The Controller also informs you, the Customer/Data Subject, or your right to submit a complaint to the Personal Data Protection Authority, as the supervisory authority operating in Italy, and to initiate legal action, both through a decision by the Personal Data Protection Authority and against the Controller and/or a Processor.
- Security of systems and personal data
Taking into account the state of the art, the costs of implementation and the nature, scope, context and purposes of processing as well as the risk of varying likelihood and severity for the rights and freedoms of natural persons, the Controller shall implement appropriate technical and organisational measures to ensure a level of security appropriate to the risk, specifically ensuring, on a permanent basis, the confidentiality, integrity, availability and resilience of processing systems and services (also through the encryption of personal data, where necessary) and the ability to restore the availability of the data in a timely manner in the event of a physical or technical incident, and adopting a process for regularly testing, assessing and evaluating the effectiveness of technical and organisational measures implemented.

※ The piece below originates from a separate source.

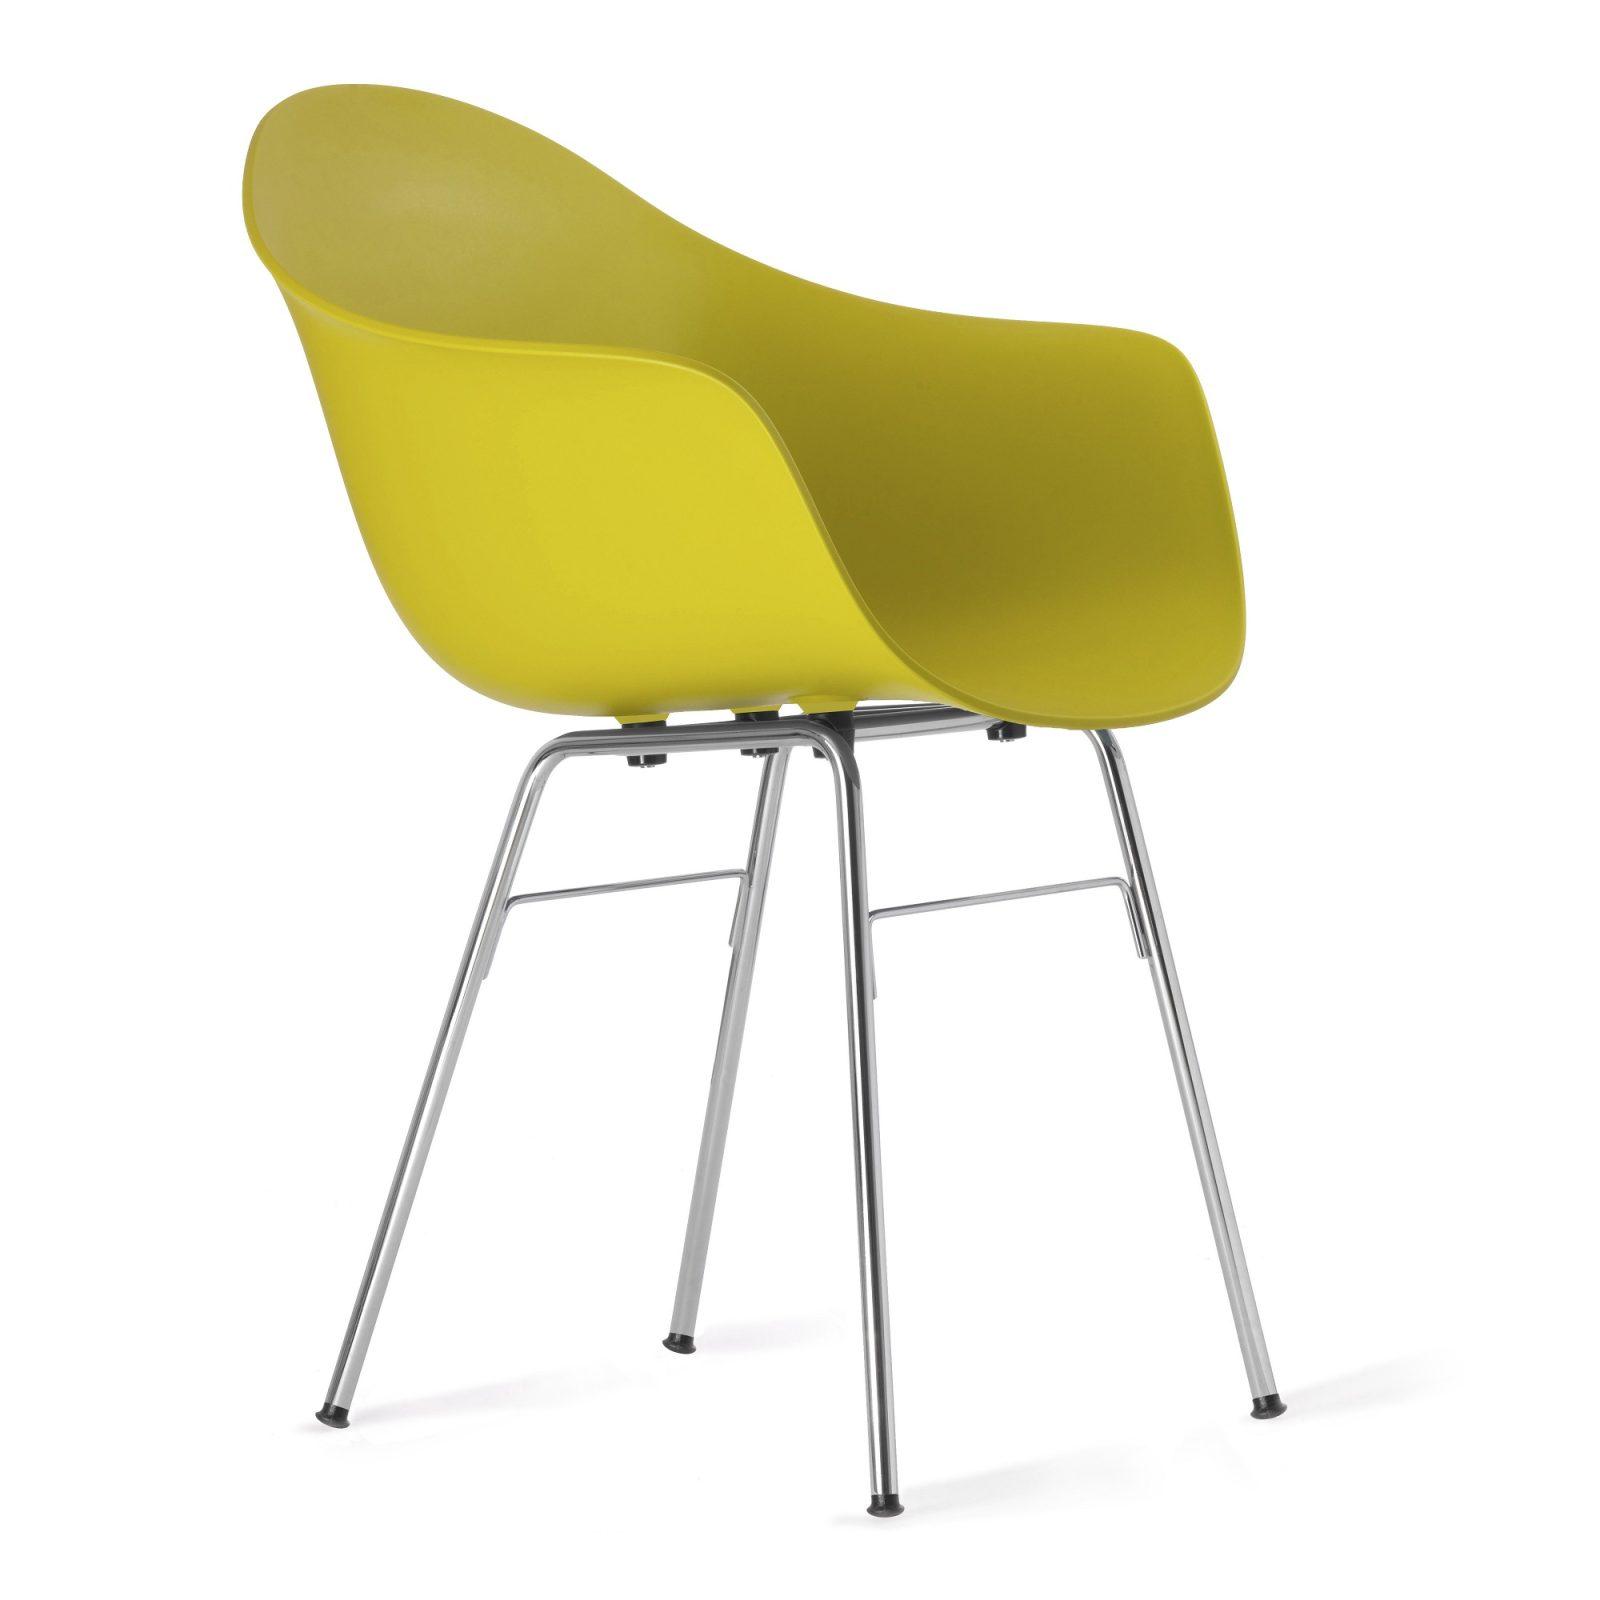 ta-armchair-mustard-seat-9
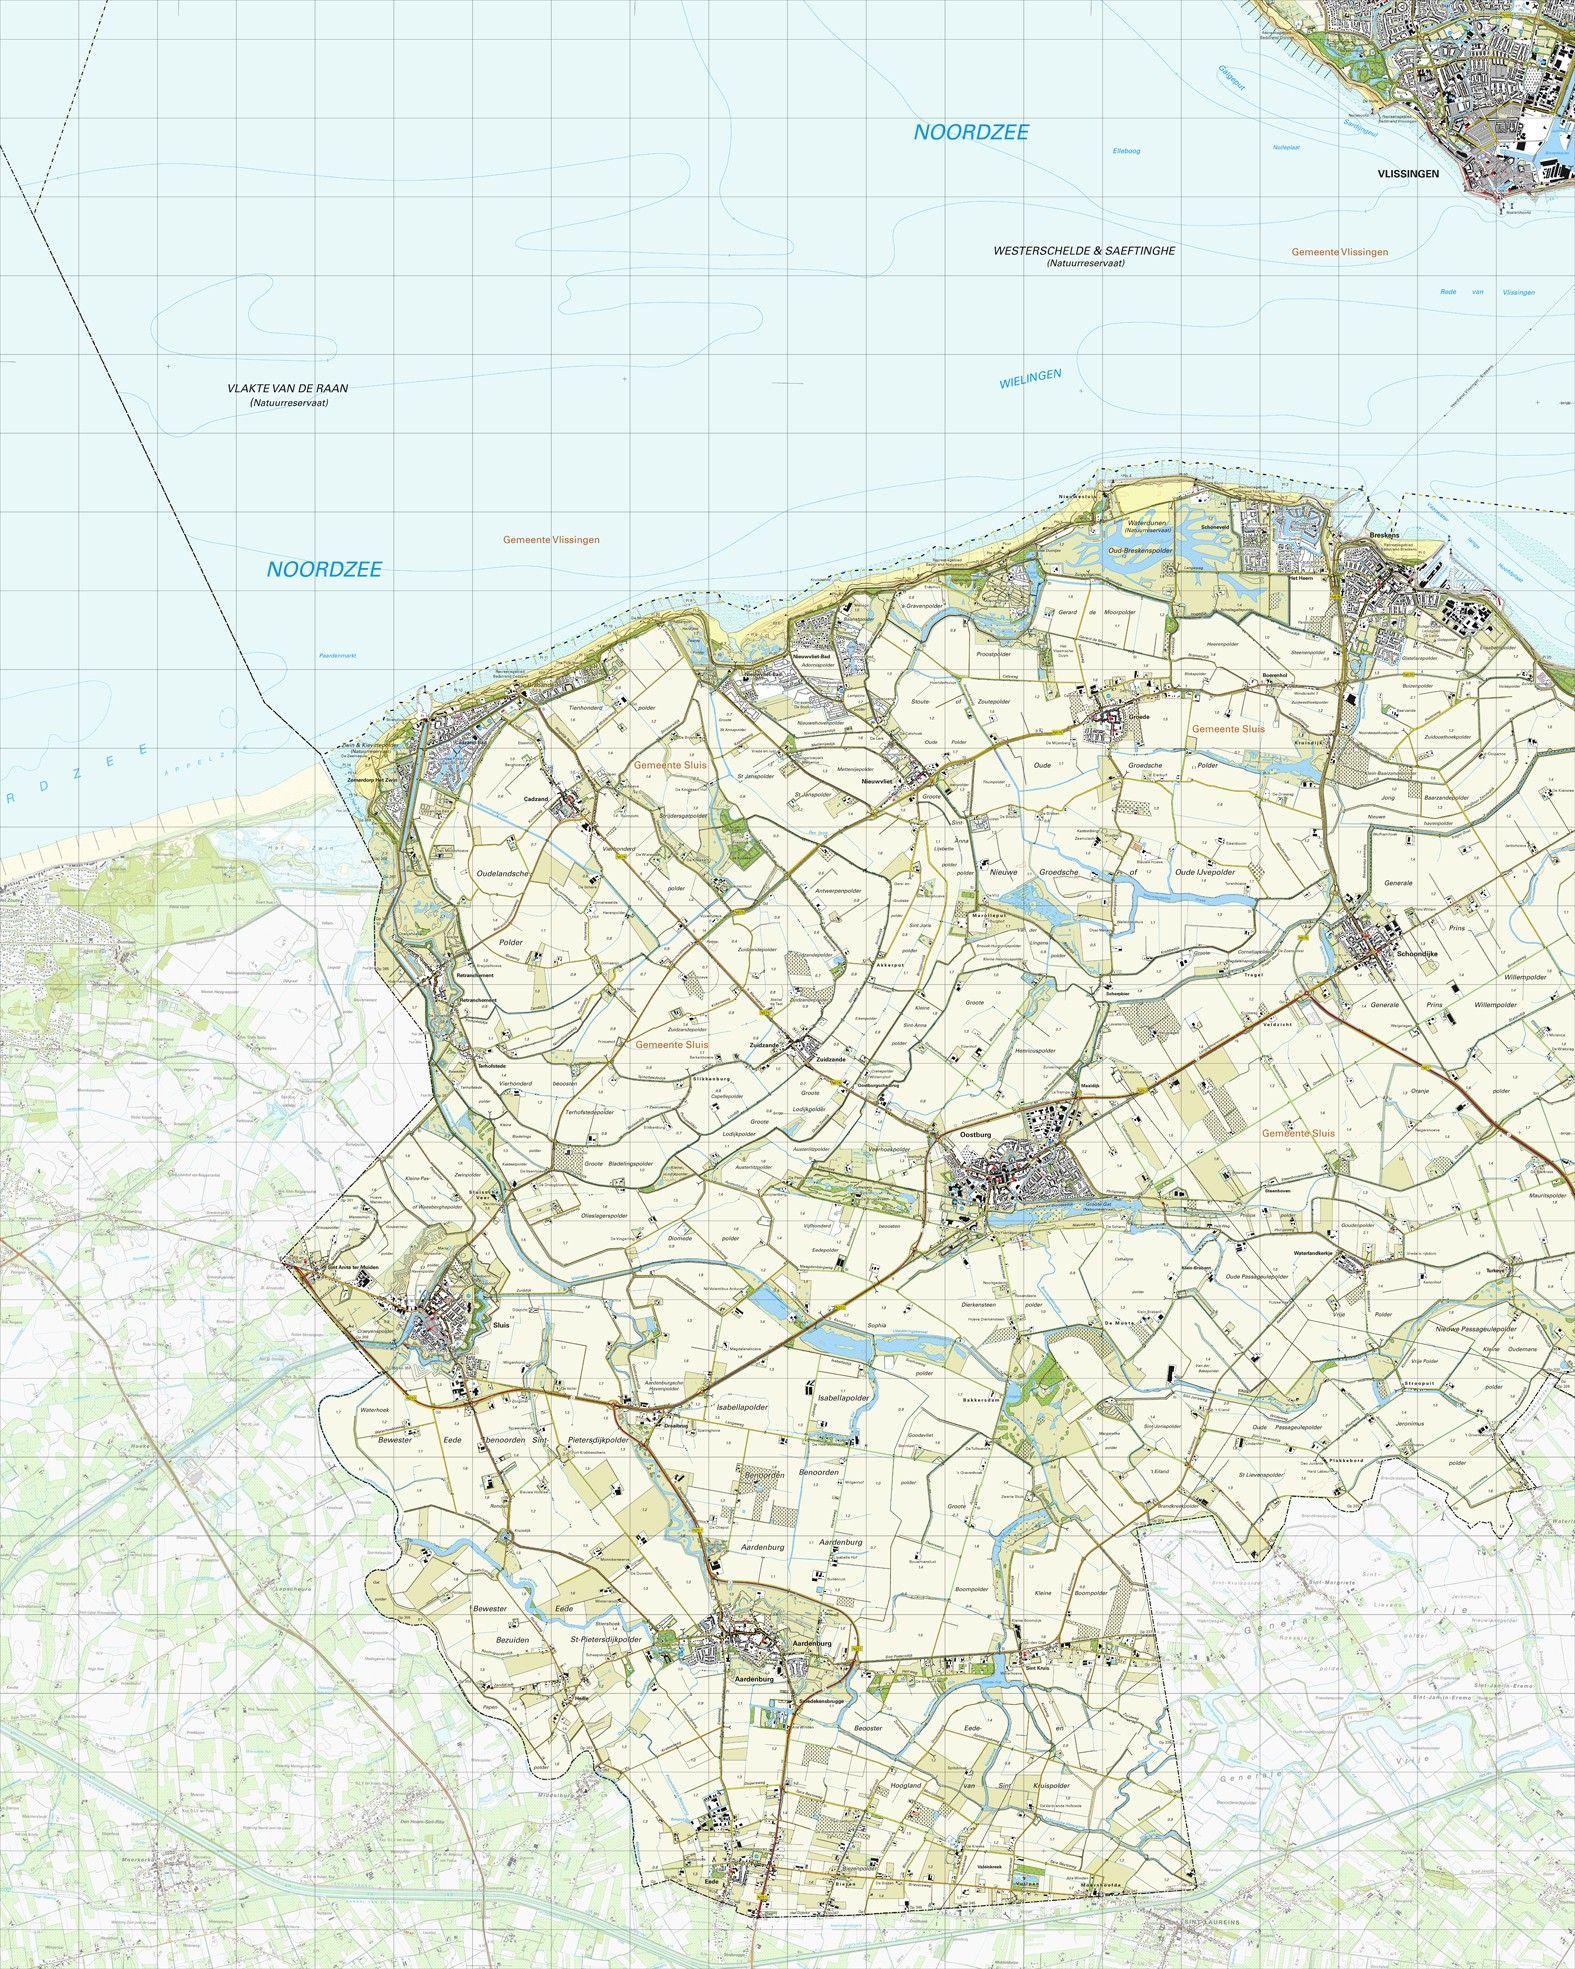 Topografische kaart schaal 1:25.000 (Vlissingen,Breskens, Schoondijke, Oostburg, Aardenburg, Sluis)

In assessing the appropriate level of security account shall be taken of the risks that are presented by processing, in particular from accidental or unlawful destruction, loss, alteration, unauthorised disclosure of, or access to personal data transmitted, stored or otherwise processed.
The Controller shall take steps to ensure that person acting under its authority who has access to personal data does not process them except on instructions from the Controller.
That being said, the Customer/Data Subject acknowledges that no security system guarantees absolute protection in terms of certainty. Therefore, the Controller shall not be liable for acts or wrongdoing by third parties who, despite the adequate precautions adopted, may unlawfully access the systems without the required authorisations.
- Automated decision-making processes, including profiling
The Controller may carry out automated processing, including profiling, for the purposes set out in point (4b) above, to optimise the Site browsing experience (or the usability of other social or web apps of the Controller) and to improve the purchasing experience, save for that specified above with regard to the Customer/Data Subject’s right to object and revoke consent.
Profiling shall mean any form of automated processing of personal data evaluating specific aspects relating to a natural person, in particular to analyse or predict aspects concerning, for example, the data subject’s personal preferences, interests or location, as well as to create profiles, i.e. homogeneous groups of subjects by characteristics, interests or behaviour.
The Controller shall not carry out any automated processing that produces legal effects concerning the Customer/Data Subject or that similarly significantly affects him or her, save for that required to enter or perform the Contract, both authorised by law or based on the explicit consent of the Customer/Data Subject, in any case, always granting the Data Subject the right to obtain human intervention, express his or her opinion and object to the decision.